Proxy-tuning closes 88-91% of the alignment gap while surpassing direct fine-tuning on knowledge tasks by leaving base model weights untouched. Direct fine-tuning corrupts knowledge storage in lower layers, whereas proxy-tuning applies distributional shifts that primarily affect reasoning and style.
Across seven RL algorithms and ten LLM families, RL induces intrinsic parameter sparsity of 5–30% without explicit regularization. Critically, these sparse updates are nearly full-rank and nearly identical across random seeds, indicating structural rather than arbitrary parameter selection.
Controlled experiments show RL consistently amplifies one format distribution from pretraining within the first epoch while collapsing alternatives. The winning format depends on model scale, not necessarily performance, and is largely hidden when starting from proprietary pretrained models.
MobileLLM shows deep-and-thin architectures yield 2.7–4.3% accuracy gains over balanced designs at 125M–350M scale by composing abstract concepts through layers rather than spreading parameters across width.

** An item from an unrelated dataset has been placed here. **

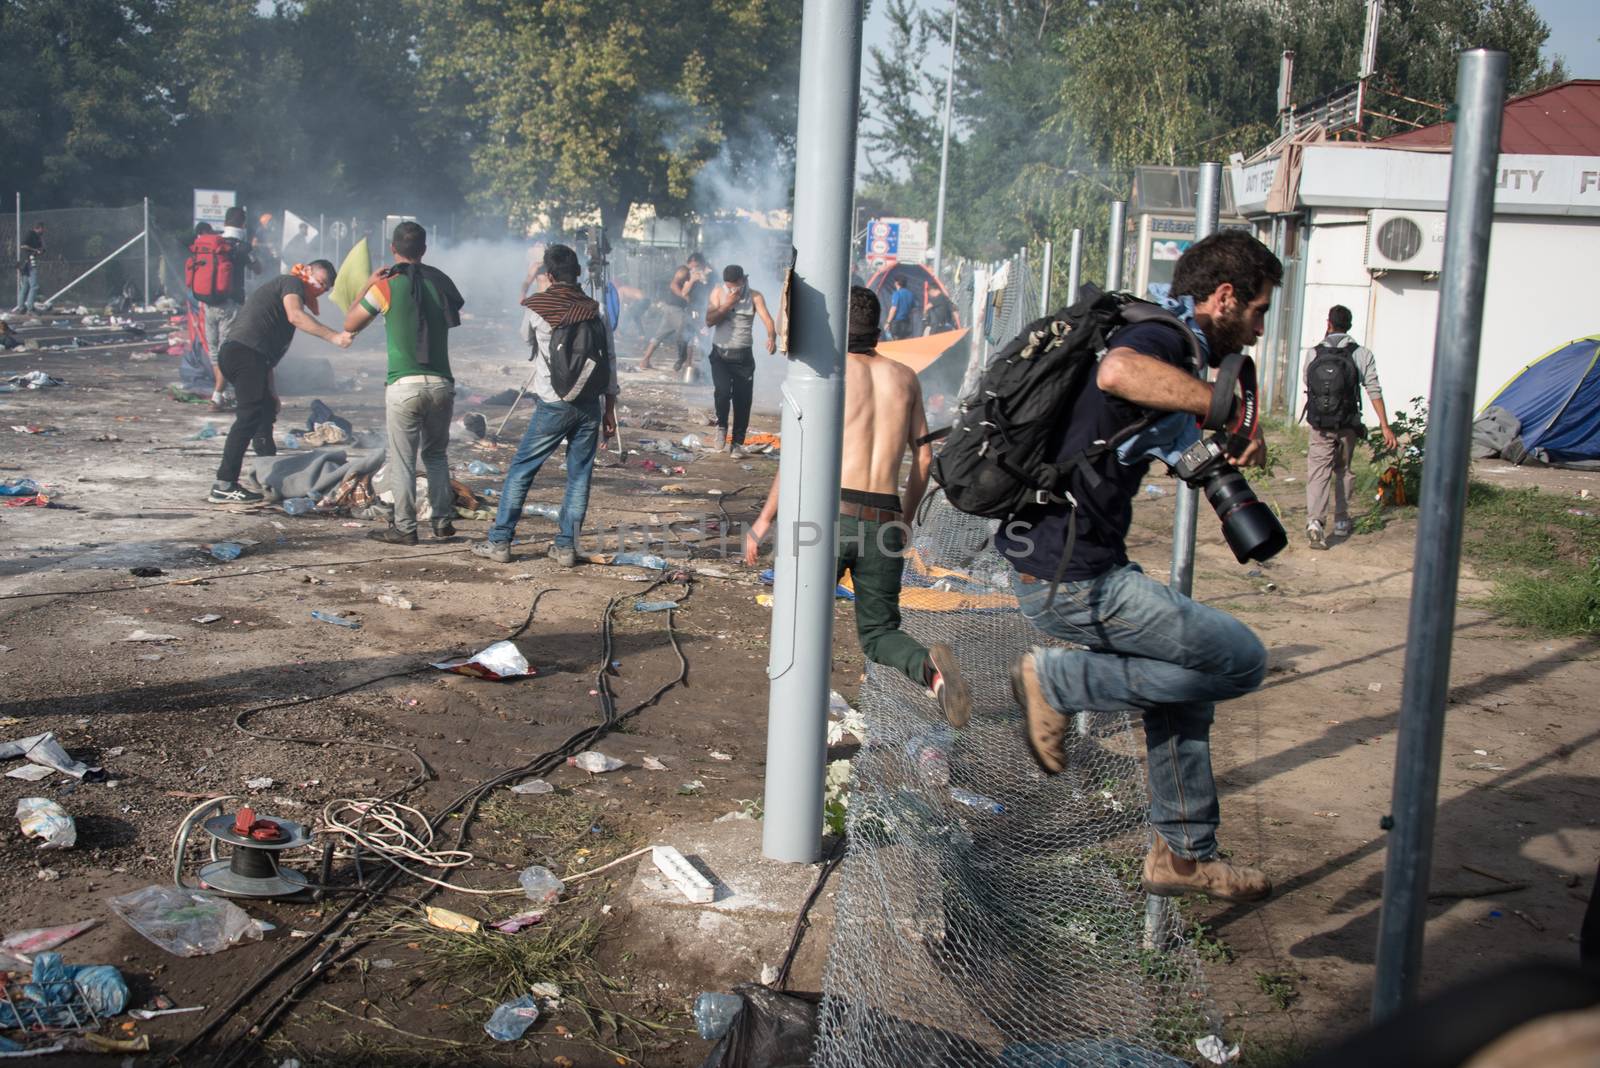 SERBIA, Horgos: A cameraman flees as Hungarian riot police clash with refugees waiting to cross the border from the Serbian border town of Horgos on September 16, 2015.

Scaling to 1000-layer networks in self-supervised RL produces dramatic capability jumps at specific thresholds—depth 16 enables walking, depth 256 enables wall-climbing—driven by synergistic gains in both exploration and expressivity rather than gradual improvement.
o1-like models frequently abandon reasoning paths mid-exploration, wasting tokens on incomplete approaches. A decoding-only penalty on thought-transition tokens (TIP strategy) discourages switching, improving accuracy on challenging math without model fine-tuning.
RLAD jointly trains abstraction and solution generators, showing that allocating test-time compute to diverse abstractions outperforms parallel solution sampling at large budgets. Abstractions create structured breadth-first exploration that prevents the underthinking failure mode of depth-only reasoning chains.